Jallailudeen Rabana Lawal,
Arhyel Gana Balami,
Lawan Adamu,
Yachilla Maryam Bukar-Kolo

Mac Vet Rev 2021; 44 (1): i - vii


Received: 22 March 2020

Received in revised form: 08 November 2020

Accepted: 09 November 2020

Available Online First: 28 December 2020

Published on: 15 March 2021

Correspondence: Muhammad Mustapha, tanimuzimbos@gmail.com


Diarrhea caused by multidrug-resistant Escherichia coli (E. coli) is an important and common problem in companion animals, especially dogs. Moreover, these dogs may serve as a reservoir of pathogenic strains of E. coli that may cause enteric and extra-intestinal infections in humans and other animals.
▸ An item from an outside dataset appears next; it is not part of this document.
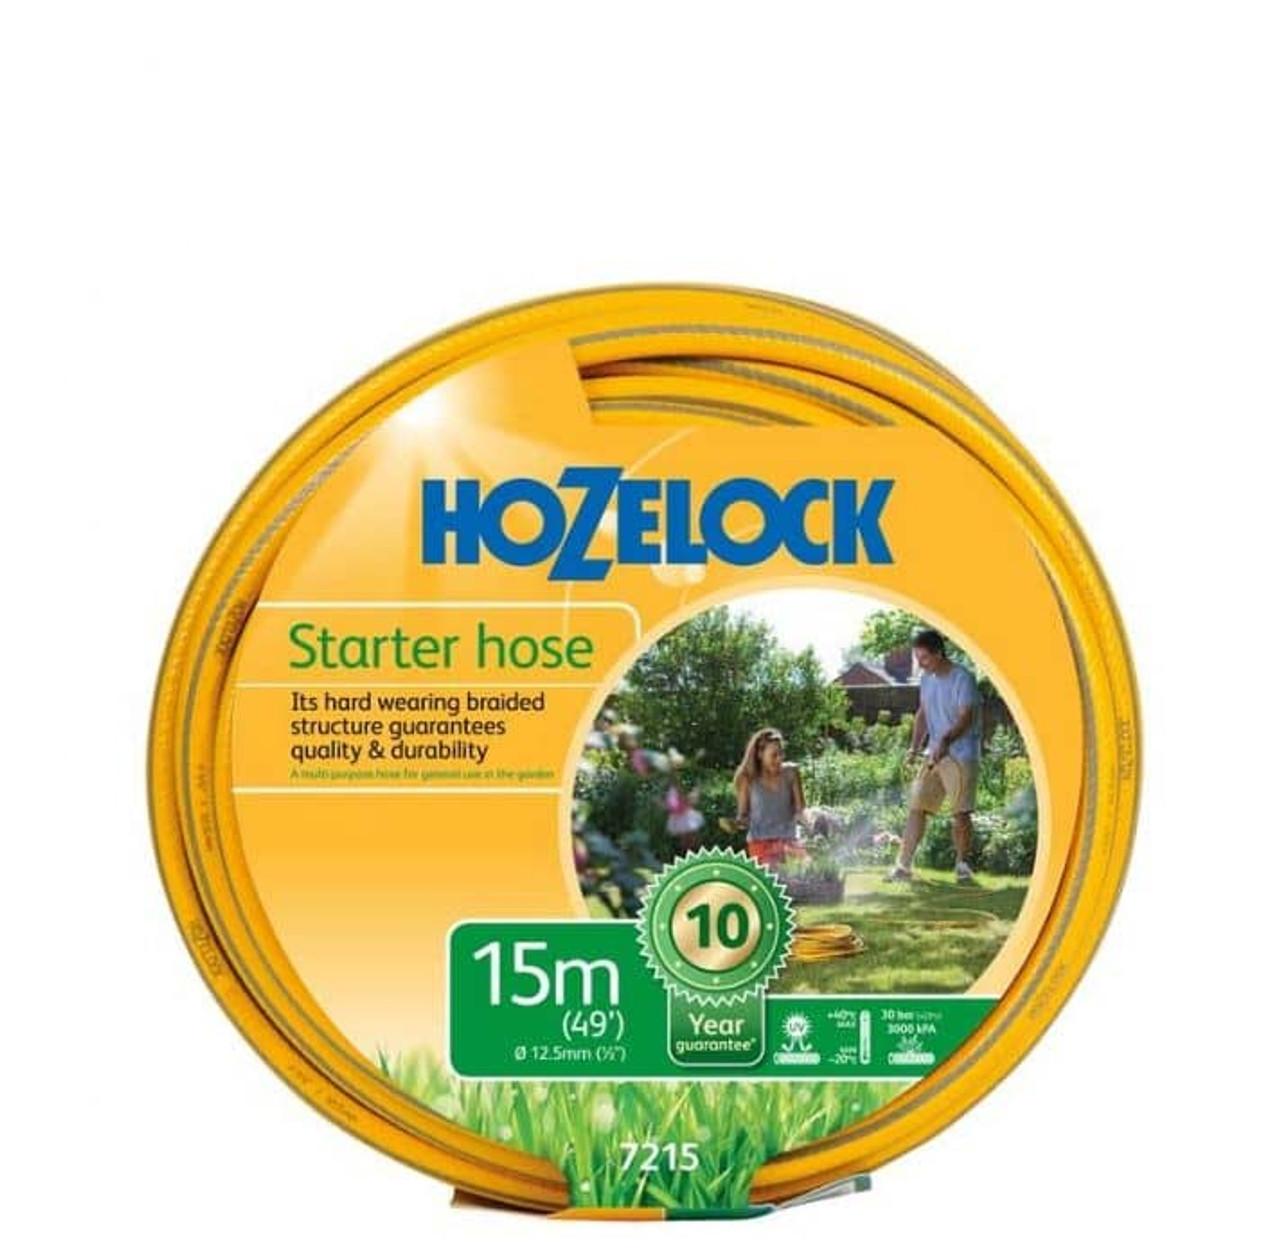 Hozelock 7215 15m Starter Hose

This study was conducted to investigate the antibiotic susceptibility pattern of E. coli isolates from diarrheic dogs in Maiduguri Metropolis, Borno State, Nigeria. In fecal samples of 200 dogs with diarrhea, 147 E. coli strains (73.5%) were isolated and characterized by the standard bacteriological techniques (culture, biochemical tests, and antimicrobial susceptibility testing). Out of the 147 positive isolates, 45, 50, and 52 were from Elkanemi Park, Magaram, and Sabon gari wards respectively. The isolates show 100% resistance to chloramphenicol, cefuroxime, and ceftriaxone, 96.6% to amoxicillin, and 95.9% to gentamicin, while all (100%) were susceptible to ciprofloxacin. All the isolates showed multiple antimicrobial resistance. The result of the current study showed that dogs in Maiduguri are important reservoirs of multidrug-resistant E. coli. Therefore, it is important to adopt and apply guidelines for the correct use of antimicrobials in small animal practice to reduce the emergence of multidrug resistance among E. coli in companion animals.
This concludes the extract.